## What the task asks
Exactly reproduce the lines from the one containing "Pokrowiec na fotel" through the last line of the data, both ends included, leaving out pictures.
*** Material provided ***
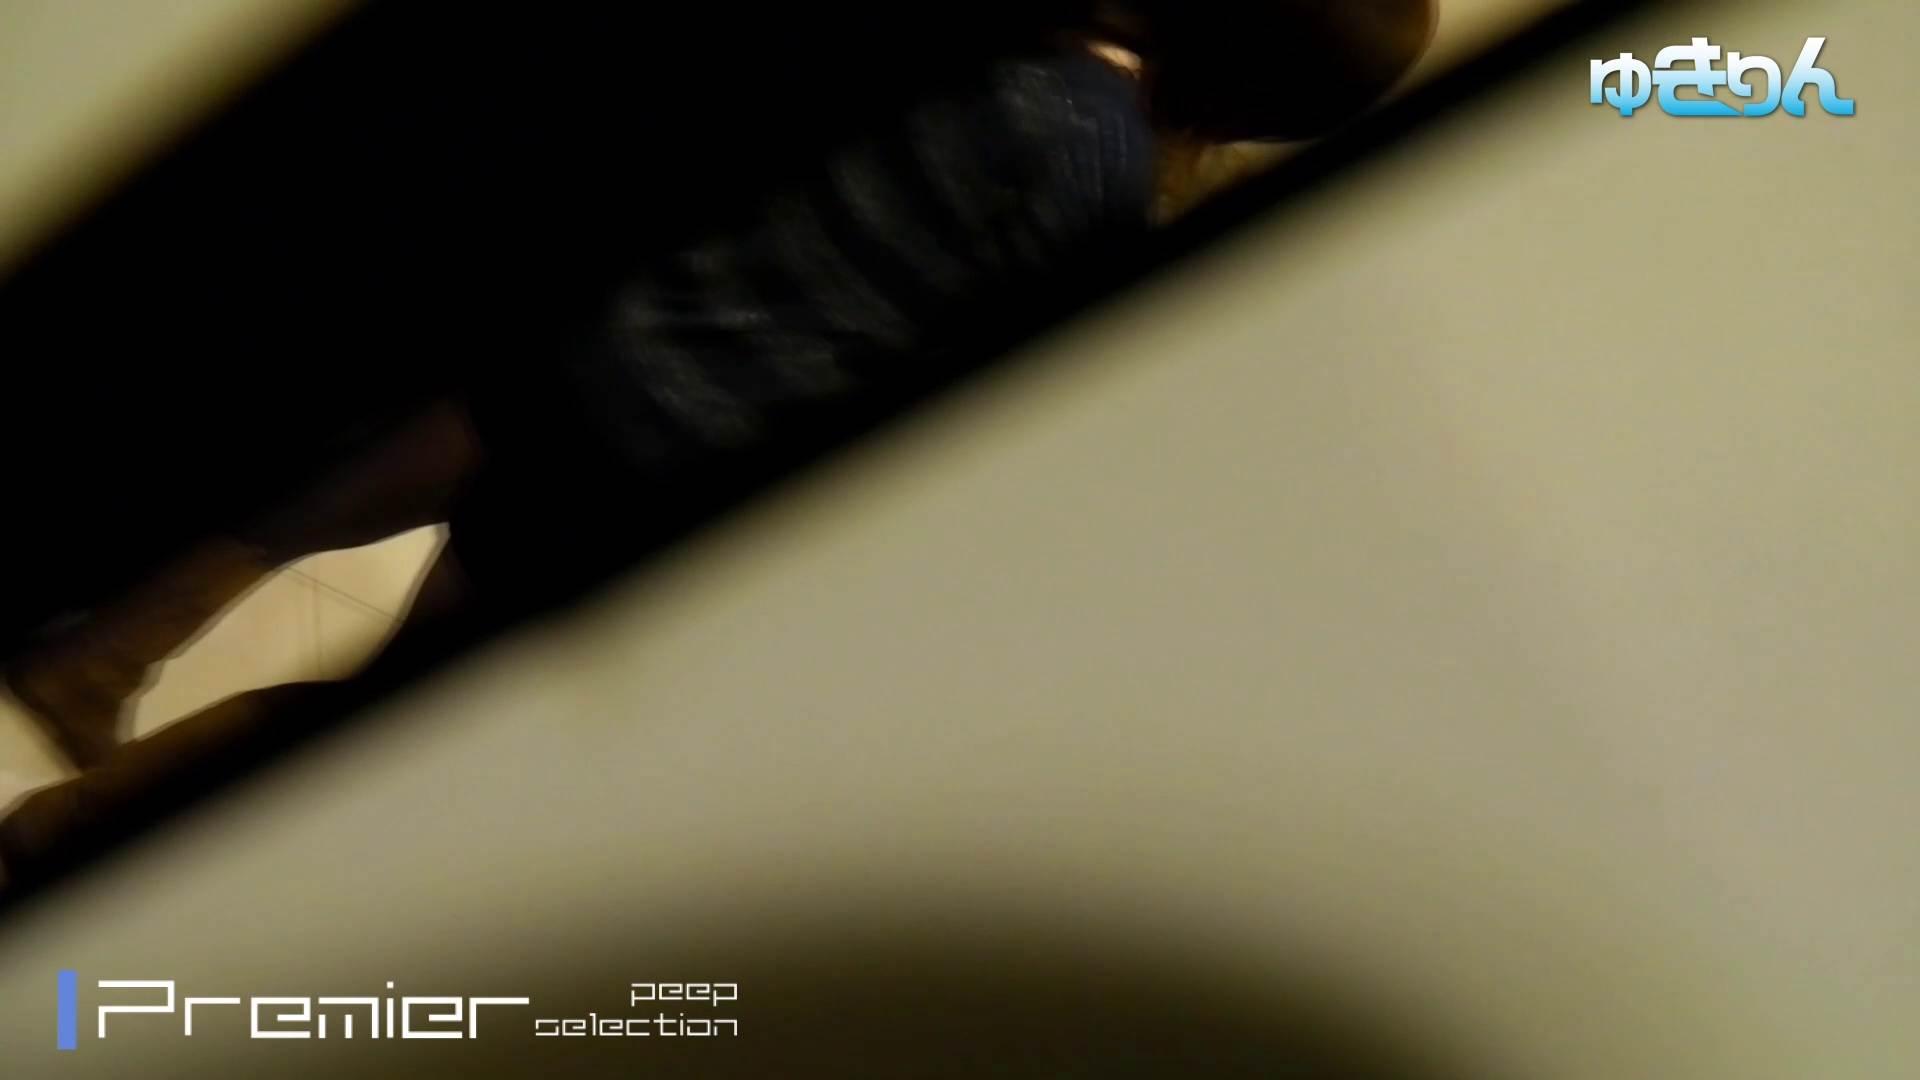 新世界の射窓 No100 祝 記念版!異次元な明るさと技術 無料動画 美肌  72PIX 20
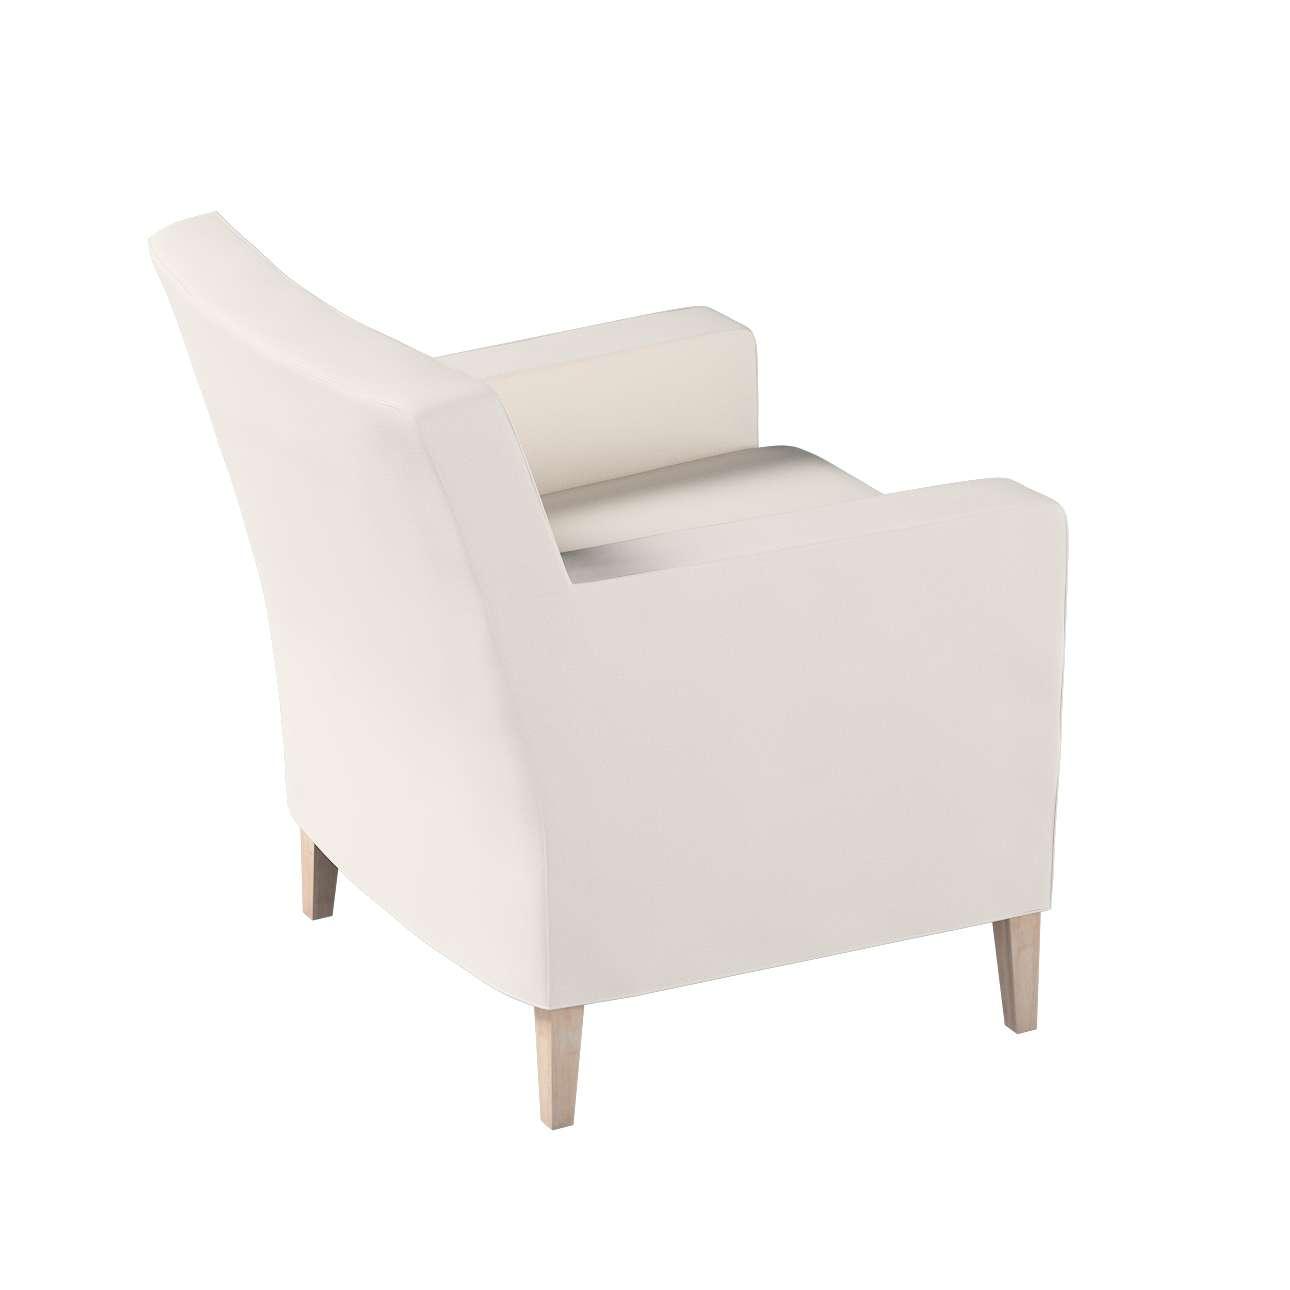 Pokrowiec na fotel Karlstad w kolekcji Etna, tkanina: 705-01
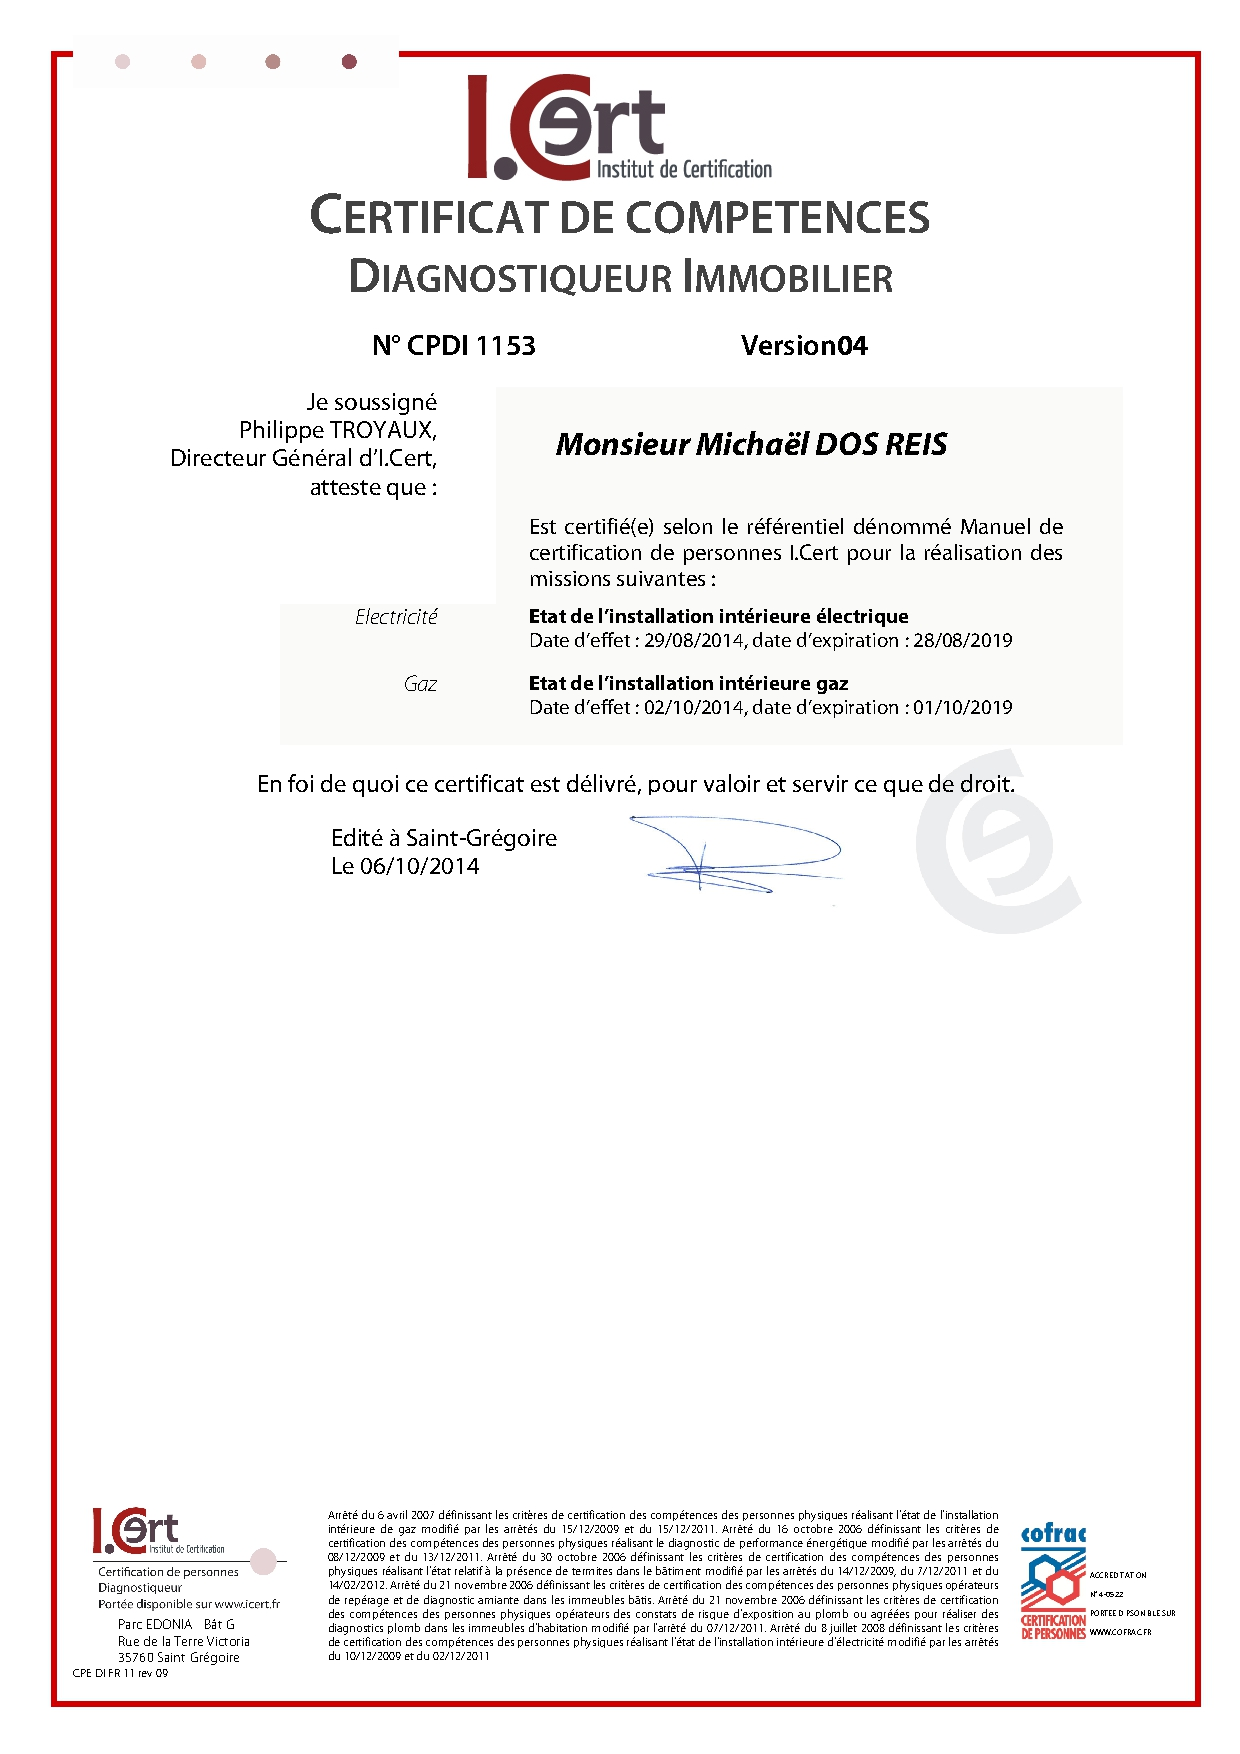 Certificat de compétences diagnostiqueur immobilier
*** End of Material provided ***
## Task solution
 Pokrowiec na fotel Karlstad w kolekcji Etna, tkanina: 705-01
 Certificat de compétences diagnostiqueur immobilier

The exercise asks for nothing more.